Невидимые знаки - Пэппер Винтерс
Шрифт:
Интервал:
Закладка:
Хлопнув в ладоши, я улыбнулся Пиппе.
— Не могла бы именинница последовать за мной? Думаю, снаружи ее ждет сюрприз.
Мгновенно загорелое, худое лицо Пиппы засветилось, как чертова сигнальная ракета (если бы только у нас была такая).
Она вырвалась из объятий Эстель и бросилась ко мне.
— Правда? Какой?
— Тебе придется подождать и посмотреть, нетерпеливая Пиппи. — Я обхватил ее руками, поднял на руки и понес на улицу.
— Что это? Где? — Она подпрыгивала в моих руках.
Лишний вес и нескоординированное равновесие причиняли боль моим едва зажившим костям. Моя голень была единственной частью, которая чувствовала себя почти обычно. На кости была шишка, но она была крепкой. Моя стопа все еще была покрыта синяками, но, по крайней мере, пястные кости зажили достаточно, чтобы я смог шевелить пальцами ног (не обращая внимания на боль, конечно).
А вот с лодыжкой пришлось повозиться.
Она срослась, но неправильно. Она не была идеально прямой, и сустав, где нога переходит в стопу, был не в норме. Я не сказал Эстель, как это больно, когда что-то сломано — не только временно, но и навсегда.
Я мог ходить, но не бегать. Я мог двигаться, но не летать.
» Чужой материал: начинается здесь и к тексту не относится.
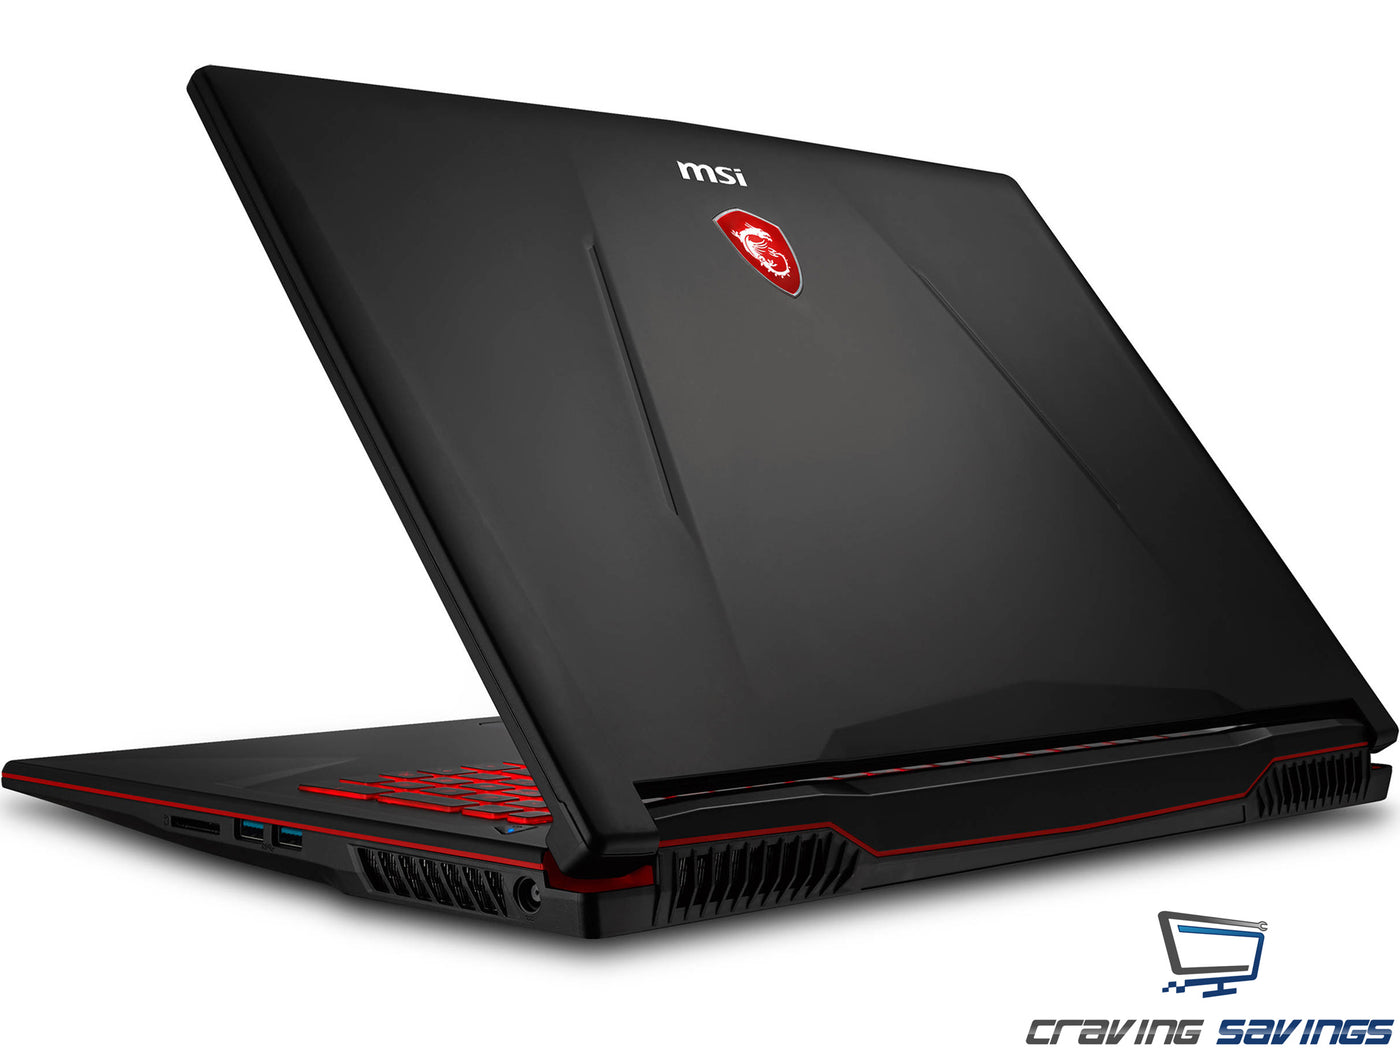 MSI GL63 Gaming Laptop 15.6 Intel Core i7-8750H, NVIDIA GeForce GTX 1050,  8gb RAM, 256gb SSD + 1TB HDD

Я был испорченным товаром.
Но, несмотря на боль при каждой нагрузке, я бы ни за какие бриллианты в мире не опустил Пиппу.
Прищурившись от яркого солнечного света, когда я вышел на пляж, я сказал:
— Во-первых, давайте начнем эту вечеринку с шумихи. Что скажешь?
В ответ она шлепнула влажный поцелуй по моей шершавой щеке.
— Я говорю «да»!
На мгновение я не мог пошевелиться. Ее маленькие губы лишили меня всех двигательных функций.
Позади меня раздались шаги: Эстель и Коннор присоединились к нам в жаркое утро.
Эстель была в своем черном бикини (что грозило сделать меня твердым, вспоминая ту ночь, когда я снял его с нее), а Коннор выбрал шорты с бейсболкой. У всех нас были ярко выраженные тазобедренные кости, угловатые ребра и повышенная худоба, вызванная отсутствием жировых запасов.
Но для меня... они были просто прекрасны.
Положив Пиппу на землю, я повернулся к самому большому костру, который когда-либо разводил. Я еще не зажег его, но он был сложен и готов, символизируя начало нового года ее жизни.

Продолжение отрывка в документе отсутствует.